Three Ad professors teach First-Year Odyssey seminars

As part of the new First-year Odyssey Seminar Program, Drs. Reichert, Hamilton and Kreshel are teaching seminars focusing on different topics in Advertising. The new program, designed to introduce first-years to academic life at the University of Georgia, gives students the opportunity to engage with faculty and other freshmen in a small class environment.

Dr. Reichert is teaching a seminar entitled, "Sex in Advertising: History, Content, and Controversy." In this class students will learn anything and everything about sex in Advertising: What is it? Does it work? and Why is it used to appeal to young people? The class will also discuss some of the most controversial advertisements of all time from Calvin Klein to Victoria's Secret to Abercrombie & Fitch.

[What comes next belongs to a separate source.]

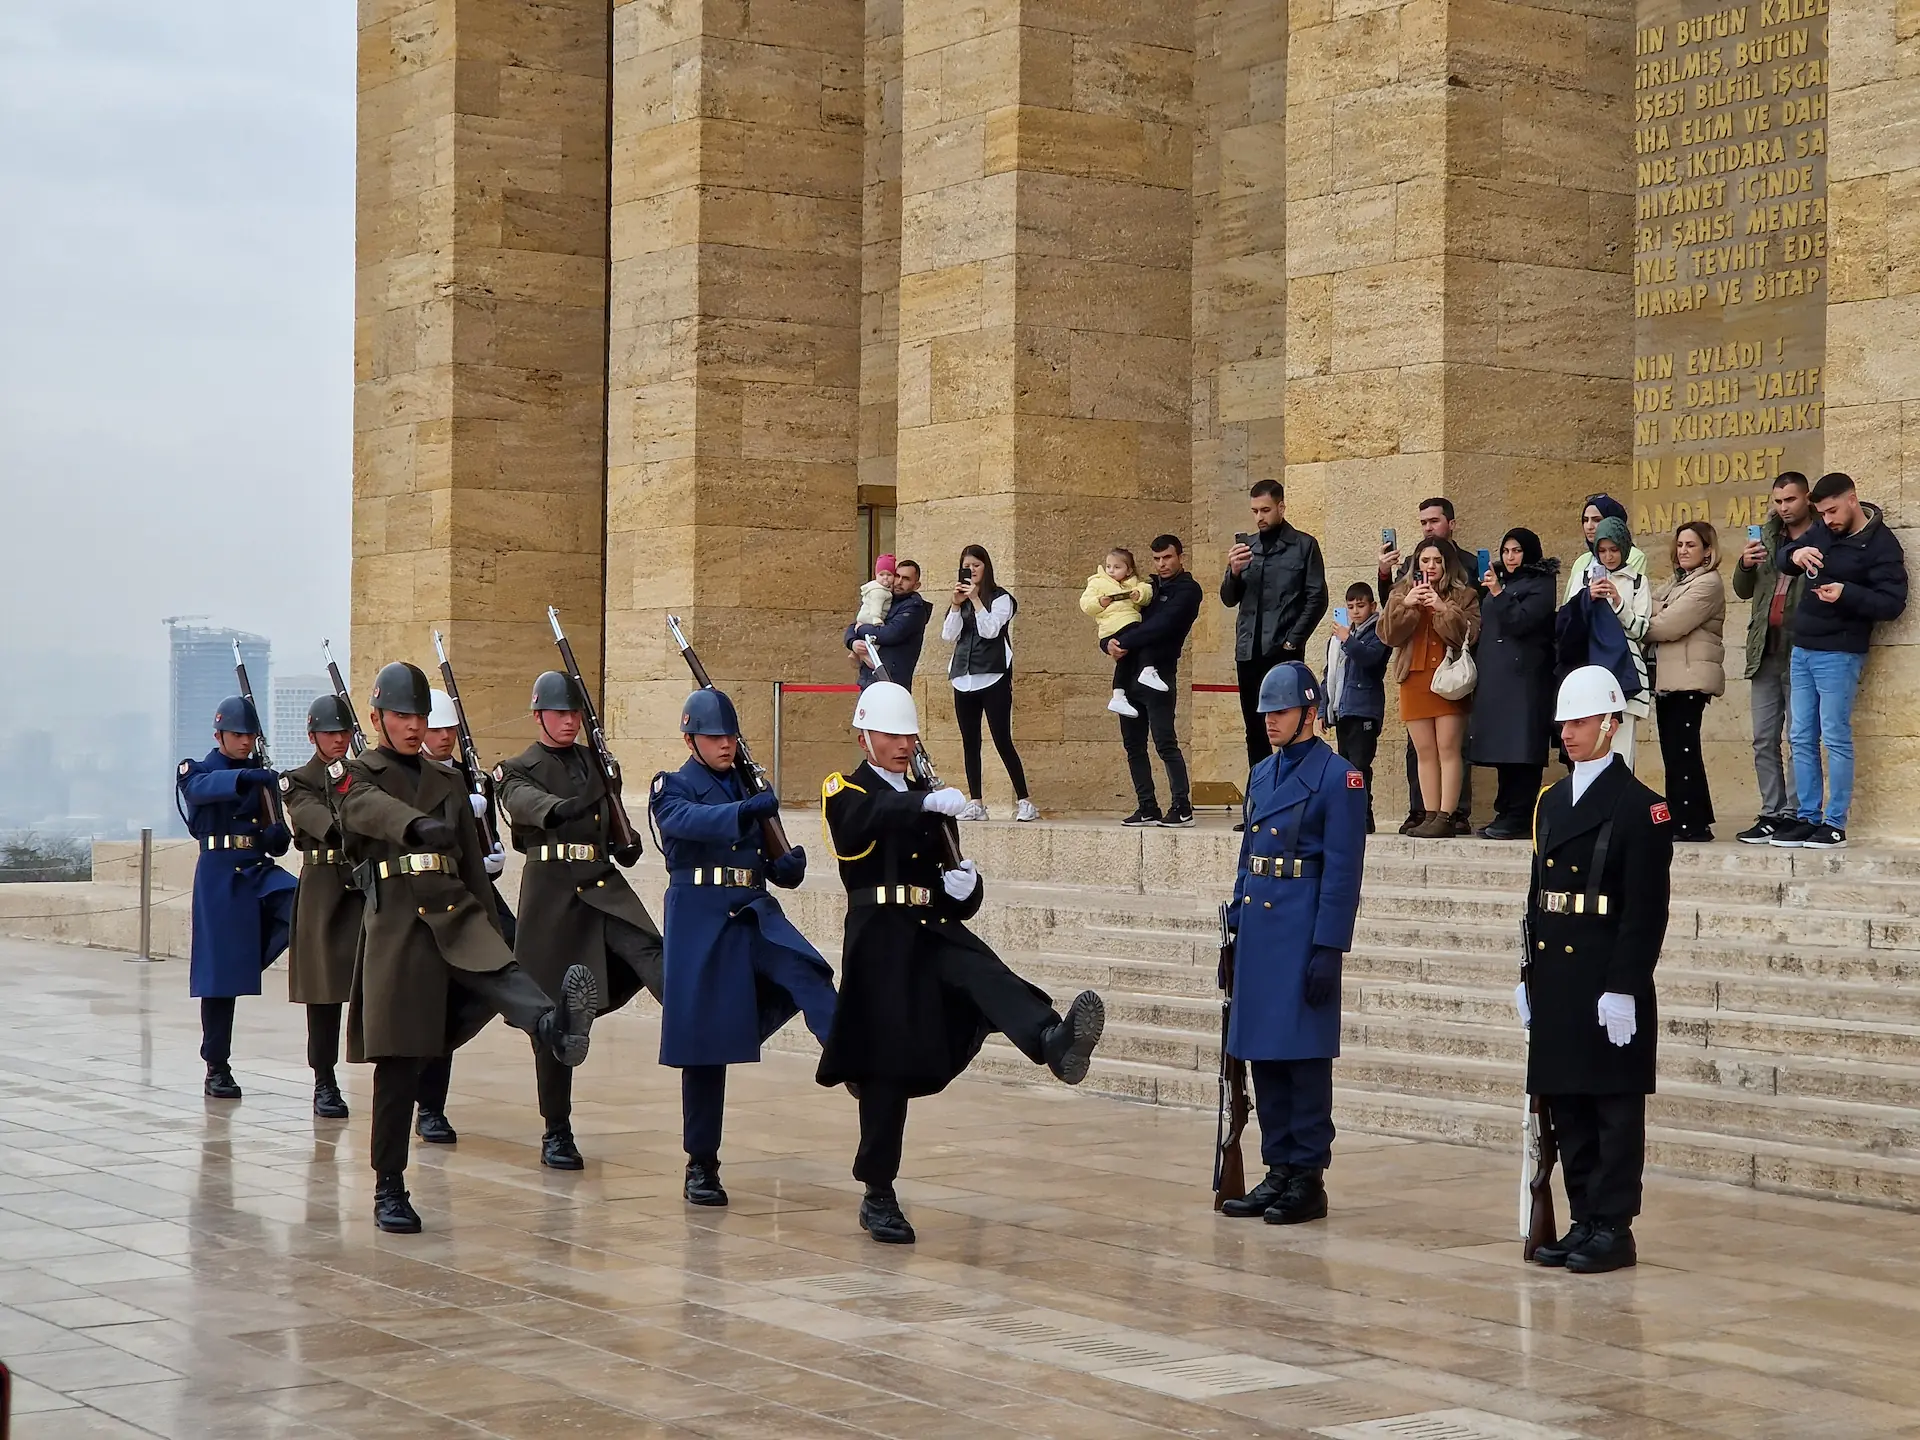 Une parade de neuf gardes passe devant le mausolée. Ils ont des habits militaires cérémonieux, des casques et un fusil chacun. En fond, les visiteurs les filment et les prennent en photo.

Dr. Hamilton's seminar, called "New Devices, Old Needs: The Cultural History of Communications Technologies," explores how essentially new communications technologies satisfy basic human needs that are quite old in comparison. The class will discuss many communications technologies, from the crop of Internet applications and social media back to radio, telegraph, photography, and further. Students will investigate these technologies and what people at the time had to say about them in order to explore relationships between communications and society.

Dr. Kreshel's seminar is called "Advertising and the Commercialization of Everyday Life." Students will learn some of the "basics" like what advertising is, advertising in the context of a "chaotic" media culture in which technological innovation accelerates the development of new media platforms, and how the concept of an "audience" is changing. They will also look at some of the controversies that arise in looking at advertising as a vehicle of social communication, focusing mostly upon how the logic of the marketplace has found its way into institutions and ideas never intended to be traded as marketing commodities.

1 comment:

Kristen said...

Those lucky freshmen (I mean first-year students)! These all sound really great.